## [TASK]
Your task is to copy the listing exactly. Drop any pictures from the copy.

## [MATERIAL PROVIDED]

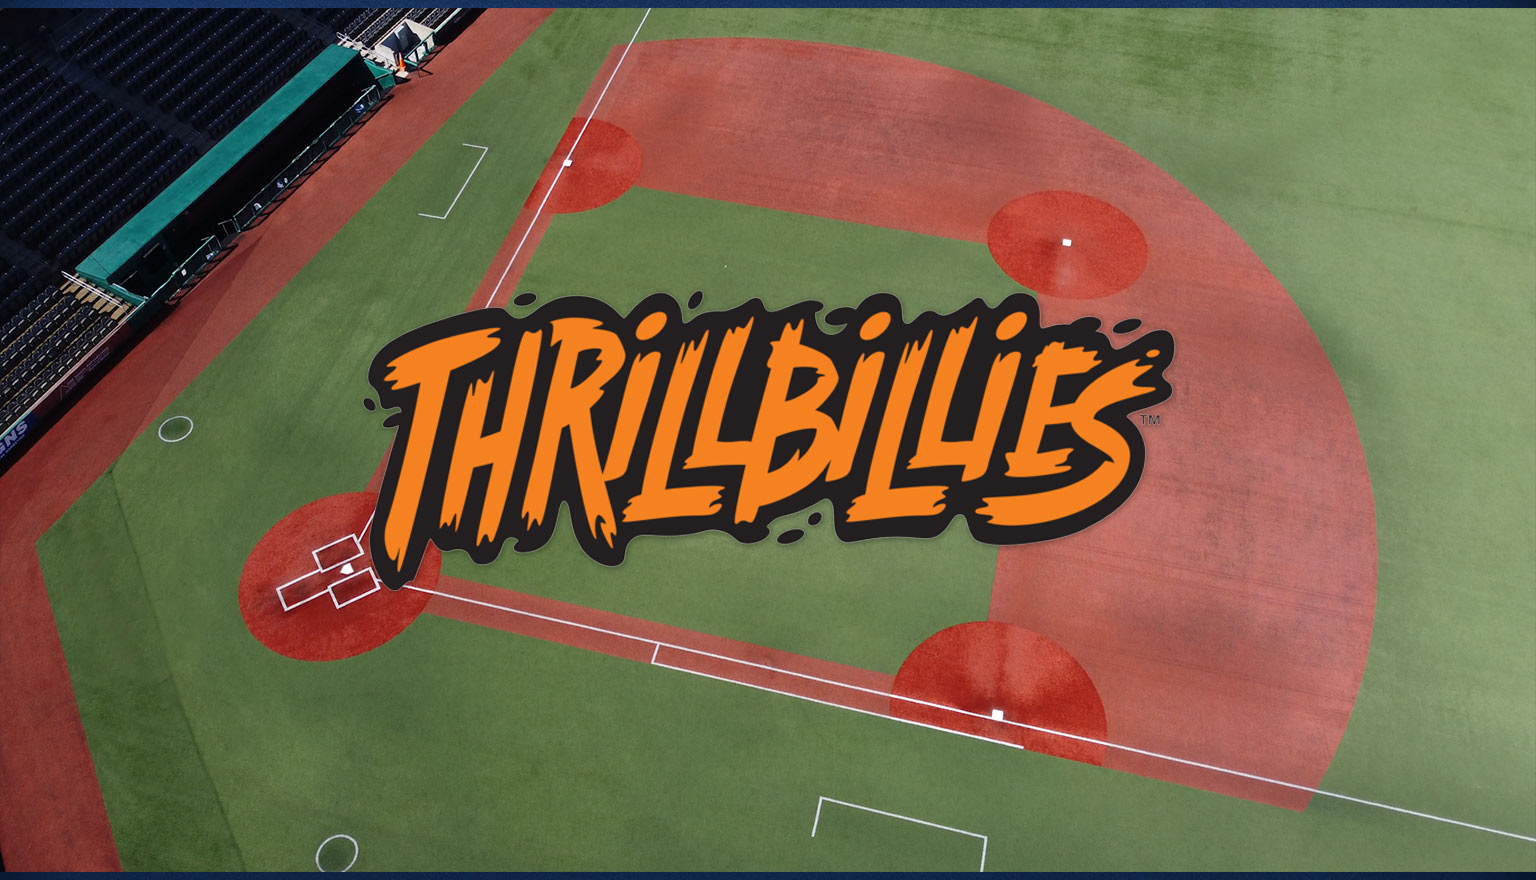 Thrillbillies-baseball-field-Marion-Illinois
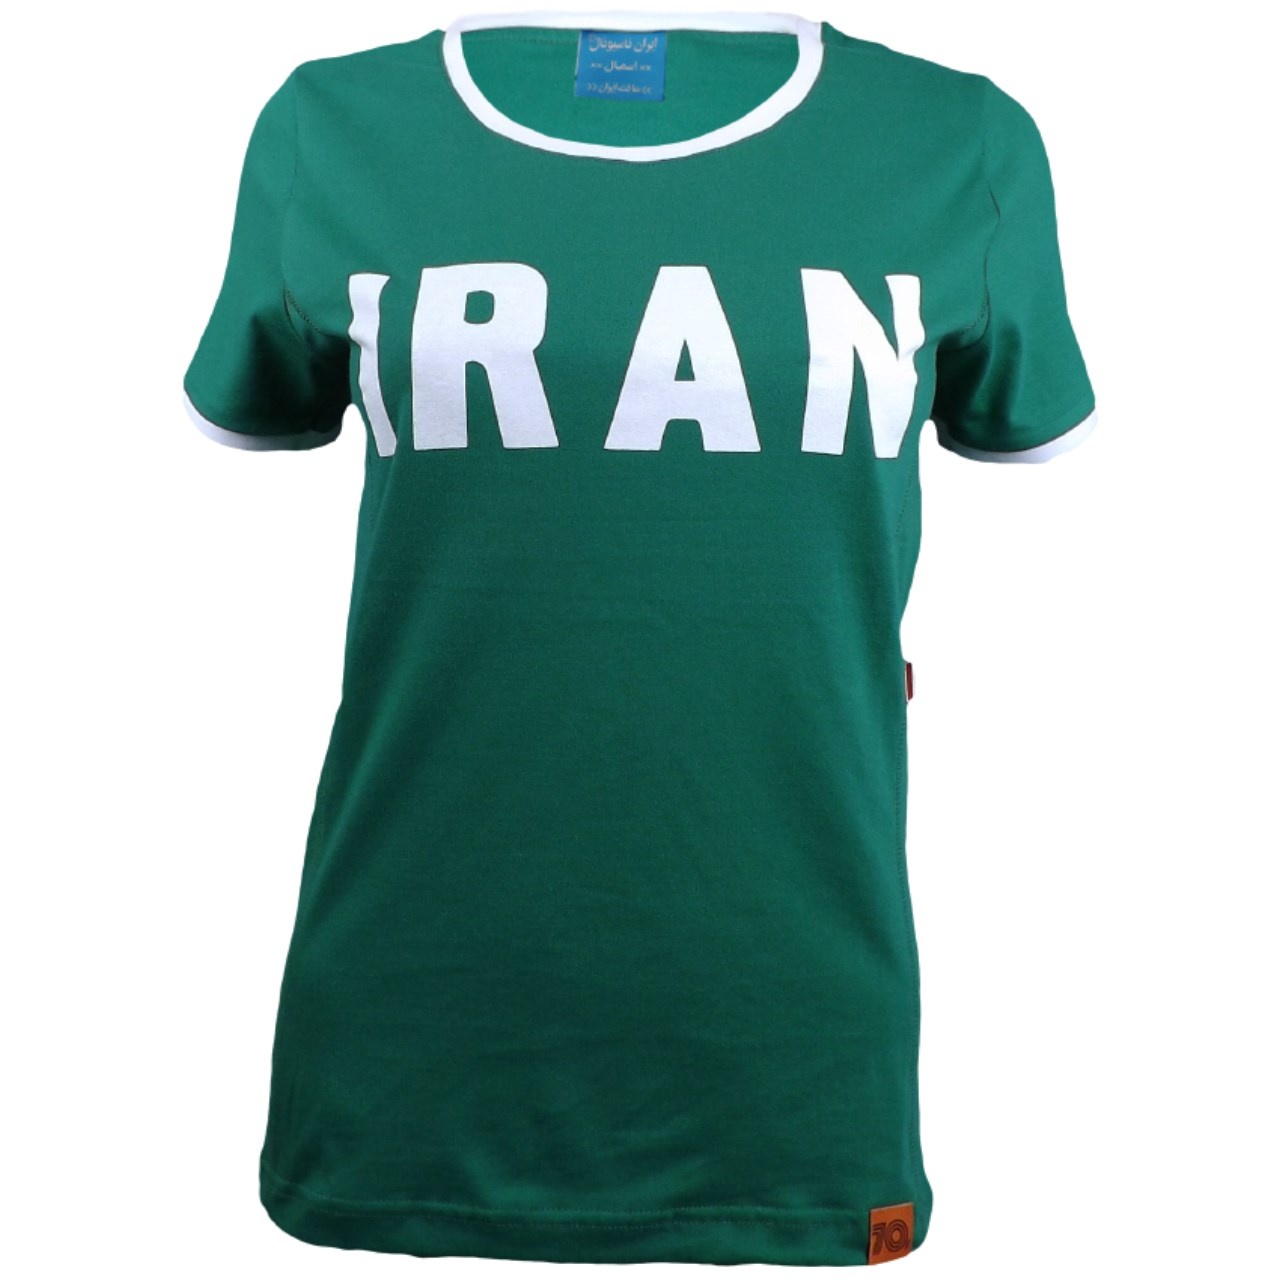 تی شرت ورزشی زنانه ایران ناسیونال کد 220
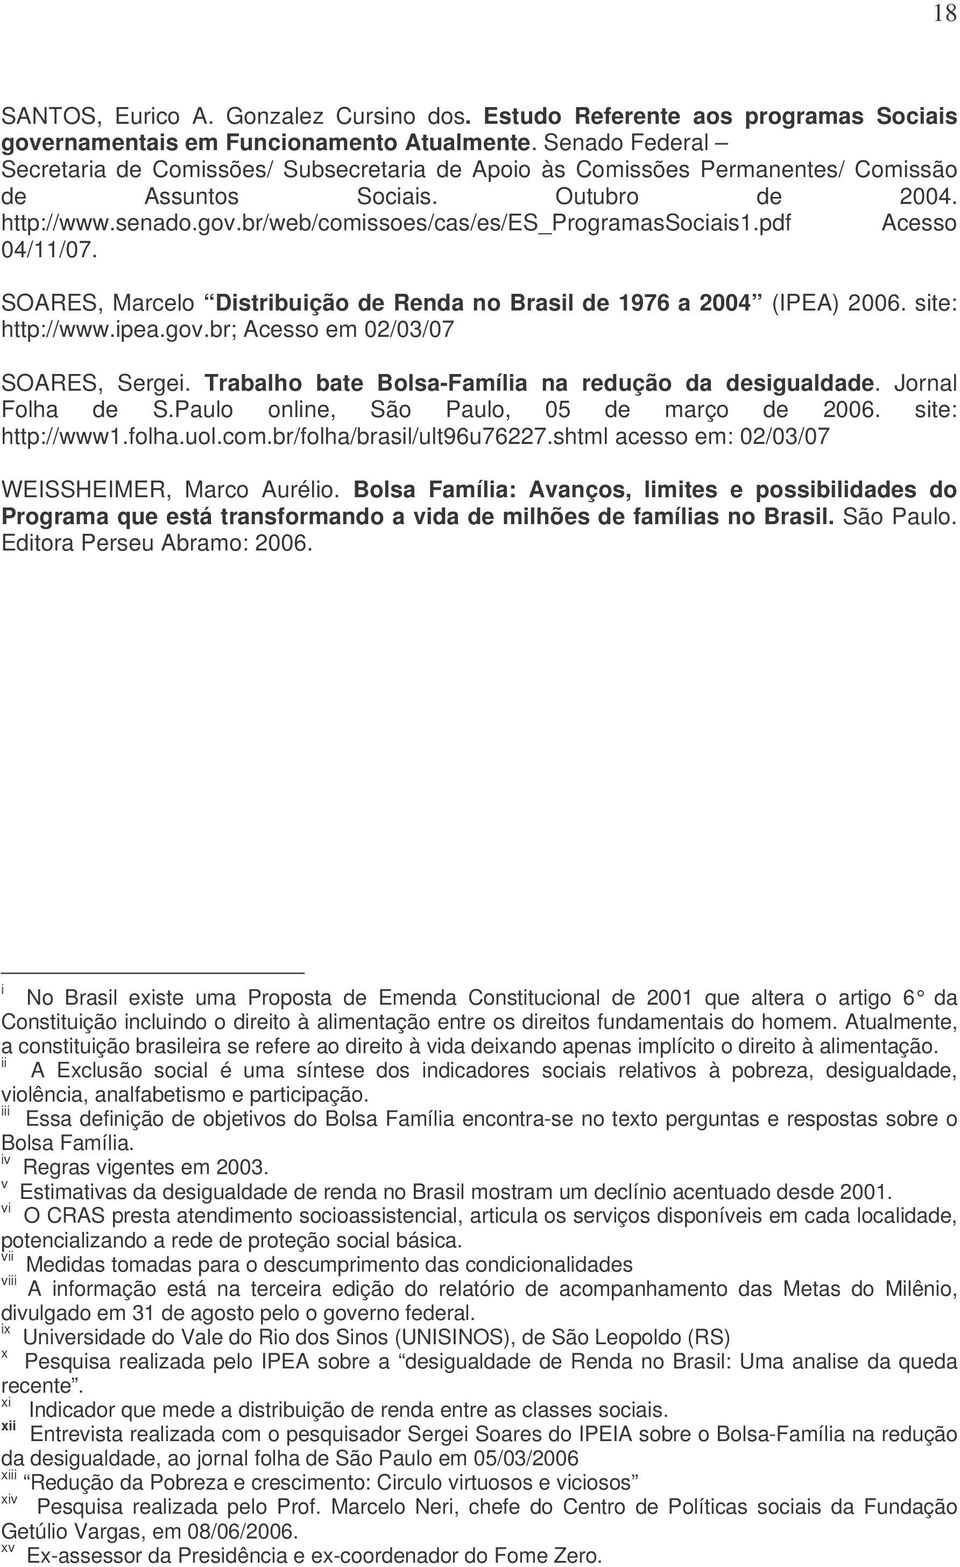 br/web/comissoes/cas/es/es_programassociais1.pdf Acesso 04/11/07. SOARES, Marcelo Distribuição de Renda no Brasil de 1976 a 2004 (IPEA) 2006. site: http://www.ipea.gov.

## [RESULT OF THE EXERCISE]
 Thrillbillies-baseball-field-Marion-Illinois
 تی شرت ورزشی زنانه ایران ناسیونال کد 220
 br/web/comissoes/cas/es/es_programassociais1.pdf Acesso 04/11/07. SOARES, Marcelo Distribuição de Renda no Brasil de 1976 a 2004 (IPEA) 2006. site: http://www.ipea.gov.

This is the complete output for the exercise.